M'Ali Uzun Sevgili Vedat Erdem! Öyle zannettiğim için özür dilerim. Bu açıklamanıza çok sevindim.
Allahın sevdiği ve sevmediği ünvanlar(!) dan bahisle müşriklerin ne sevdiği nede sevmediği gurupta olduğunu sizi tanıdığımdan beri ileri sürüyor ve bu yanlış bilgi üzerine de bir sistem inşaa etmeğe çalışıyorsunuz. Gördüğüm tüm meallerde 9/28 in meali şöyledir;"Ey iman edenler! Müşrikler bir pislikten ibarettir. Onun için, bu yıldan sonra Mescid-i Harama yaklaşmasınlar. Eğer yoksulluktan endişe ederseniz, Allah dilerse, sizi lütfundan zenginleştirir. Çünkü Allah alîmdir, hakîmdir." Burada ALLAH müşrikleri karşı "nötr" yada "Allah'ın sevdiği/sevmediği Listede yok" iddiası kesin bir hüccetle batıl olduğu görülmektedir.Bunu size ilk tanıştığımız diyaloglarda söylemiş ve sizde "beğenmiştiniz" Ama görüyorum ki yanlış anlayışınızı ısrarla devam ettiriyorsunuz. Allah "necis" diyor (müşriklerle ilgili tüm ayetlerde bir şekilde olumsuz,aşağılayan yargılar malum.) ve onları artık Mekkeye (Haram bölgeye) sokmayın diyor,Hac geliriniz azalır diye de endişe etmeyin buyuruyor, Sizse aksini iddia ediyor ve bu yanlış iddia üzerine kurduğunuz teoride ısrar ediyorsunuz.Allah Hangi ayette "tek tek saymış" !? Necis dediği ve Sokmayın dediği bir zümre için; müşriklere nötr davrandığını nasıl bir tevil yöntemiyle ayetlerden çıkartıyorsunuz?

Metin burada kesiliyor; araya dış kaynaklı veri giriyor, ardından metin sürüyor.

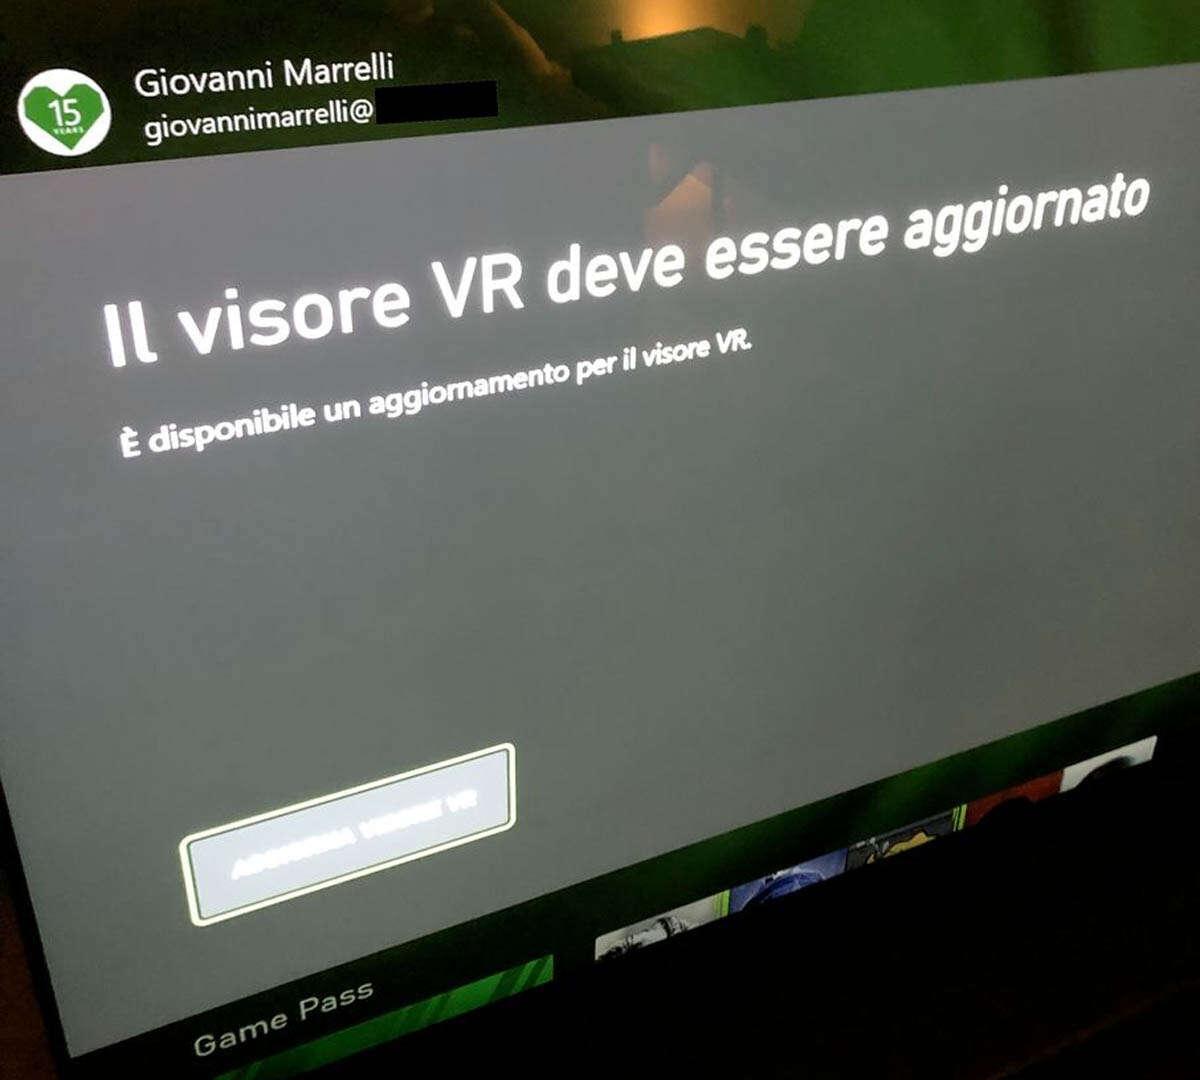 Xbox VR? Zaskakujący komunikat w systemie konsoli

Bahsettiğiniz 4/43 İçki yasağı ile ilgili ilk ayettir.Sonradan gelen ayetlerle yasak taki istisna kaldırılmıştır.
2/219 ile,el hamrı büyük günah olarak nitelenmiştir.
5/90 ile, el hamrı/içki şeytanın pisliği olarak lanetlenmiştir.

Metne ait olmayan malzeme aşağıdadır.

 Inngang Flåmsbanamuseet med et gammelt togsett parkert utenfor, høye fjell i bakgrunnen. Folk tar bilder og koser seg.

5/91 ile,hamrı/meysir şeytanın insanların arasına düşmanlık/çatışma sokacağı bir tuzak/yöntem olarak olumsuzlanmıştır.
4/43 ayetini tabiî ki yok saymayacağız. Mesela Alkolik bir insanın hidayet bulması durumunda tedavi sürecinde bu ayet bir rahmet niteliğindedir. Bununla normal sağlık koşullarına sahip müminler asla amel edemez. Nihai hükümleri çiğnemiş olur. Ki bu yöntem beşeri hukukta da söz konusudur.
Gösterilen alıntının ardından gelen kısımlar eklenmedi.